There are a variety of systems methods that can help to do this. But following are some tips from a EUROCONTROL White Paper just published, Systems Thinking for Safety: Ten Principles.

  1. Involve the right people. The people who do the work are the specialists in their work and are critical for system improvement. When trying to make sense of situations and systems, who do we need to involve as co-investigators, co-designers, co-decision makers and co-learners?
  2. Listen to people’s stories and experiences. People do things that make sense to them given their goals, understanding of the situation and focus of attention at that time. How will we understand other’s (multiple) experiences with automation from their local perspectives?
  3. Reflect on your mindset, assumptions and language. People usually set out to do their best and achieve a good outcome. How can we move toward a mindset of openness, trust and fairness, understanding actions in context using non-judgmental and non-blaming language?
  4. Consider the demand on the system and the pressure this imposes. Demands and pressures relating to efficiency and capacity have a fundamental effect on performance. How can we understand demand and pressure over time from the perspectives of the relevant field experts, and how this affects their expectations and the system’s ability to respond?
  5. Investigate the adequacy of resources and the appropriateness of constraints. Success depends on adequate resources and appropriate constraints. How can we make sense of the effects of resources and constraints, on people and the system, including the ability to meet demand, the flow of work and system performance as a whole?
  6. Look at the flows of work, not isolated snapshots. Work progresses in flows of inter-related and interacting activities. How can we map the flows of work from end to end through the system, and the interactions between the human, technical, information, social, political, economic and organizational elements?
  7. Understand trade-offs. People have to apply trade-offs in order to resolve goal conflicts and to cope with the complexity of the system and the uncertainty of the environment. How can we best understand the trade-offs that we all system stakeholders make when it comes to automation with changes in demands, pressure, resources and constraints – during design, development, operation and maintenance?
  8. Understand necessary adjustments and variability. Continual adjustments are necessary to cope with variability in demands and conditions, and performance of the same task or activity will vary.
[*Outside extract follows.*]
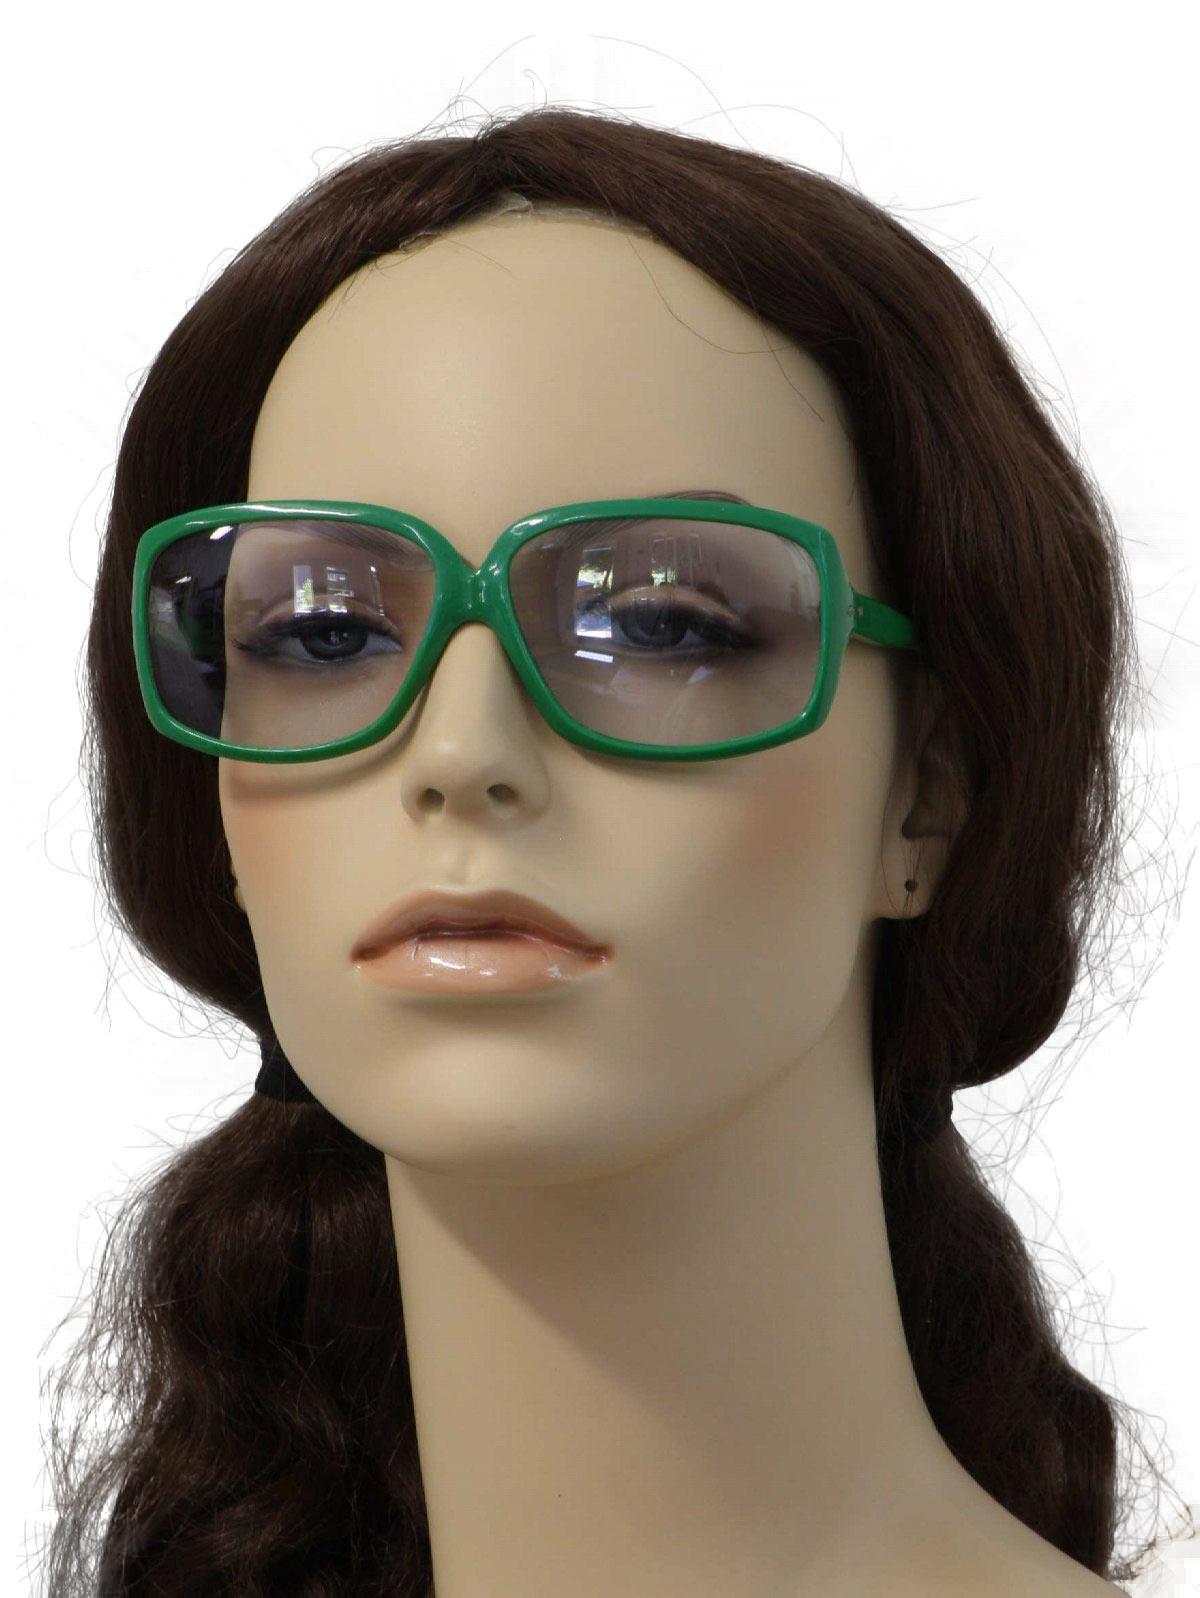 Kelly Green Eyeglass Frames : Oculens SunSensor 1970s Vintage Glasses: 1977 -Oculens ...
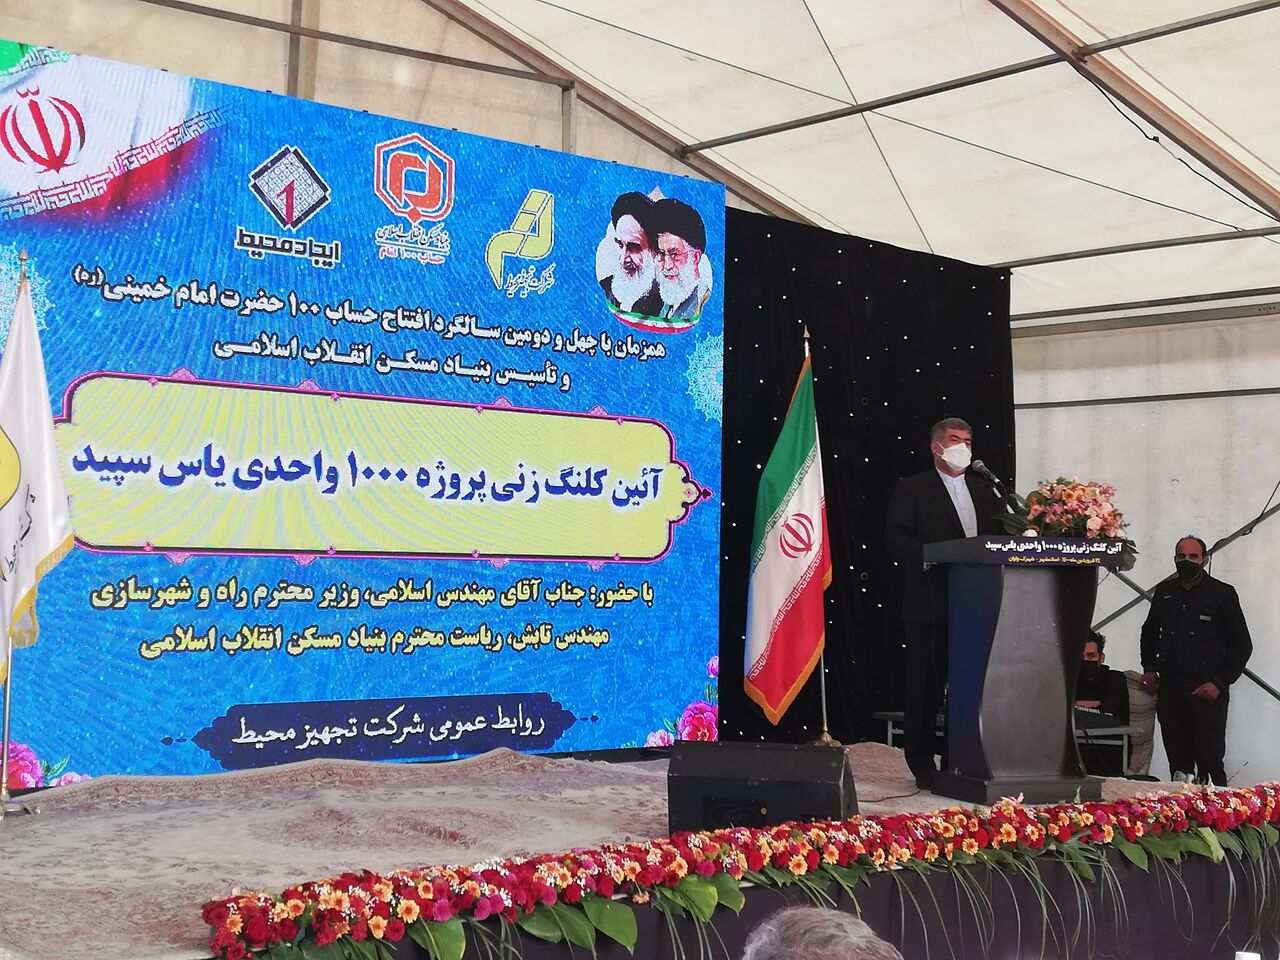 پروژه عظیم مترو اسلامشهر توجه ویژه دولت را میطلبد

How can we get and understanding of performance adjustments and variability in normal operations as well as in unusual situations, over the short or longer term?
  9. Consider cascades and surprises. System behavior in complex systems is often emergent; it cannot be reduced to the behavior of components and is often not as expected. How can we get a picture of how our systems operate and interact in ways not expected or planned for during design and implementation, including surprises related to automation in use and how disturbances cascade through the system?
  10. Understand everyday work. Success and failure come from the same source – ordinary work. How can best observe and discuss how ordinary work is actually done?

Conclusion

If it weren’t for the people, it is true that there would be no-one to get tangled up in the machinery. But if it weren’t for the people, there would be no system at all: no purpose, no demand, no performance. We need to reflect, then, on our mindsets about us, the people, about the systems we work with and within, and about how we will ensure that things go right.

References

Dul, J., Bruder, R., Buckle, P., Carayon, P., Falzon, P., Marras., W.S., Wilson, J.R., & van der Doelen, B. (2012). A strategy for human factors/ergonomics: Developing the discipline and profession. Ergonomics, 55(4), 377-395.

EUROCONTROL (2013). From Safety-I to Safety-II (A white paper). EUROCONTROL.

EUROCONTROL (2014). Systems Thinking for Safety: Ten Principles (A white paper). EUROCONTROL.

Hollnagel, E. (2014). Safety-I and Safety-II. The Past and Future of Safety Management. Ashgate.

Maslow, A. H. (1966). Psychology of Science: A Reconnaissance. Gateway Editions.

McGregor, D. (1960). The human side of enterprise, New York, McGrawHill.

Vonnegut, V. (1999). Player Piano. The Dial Press.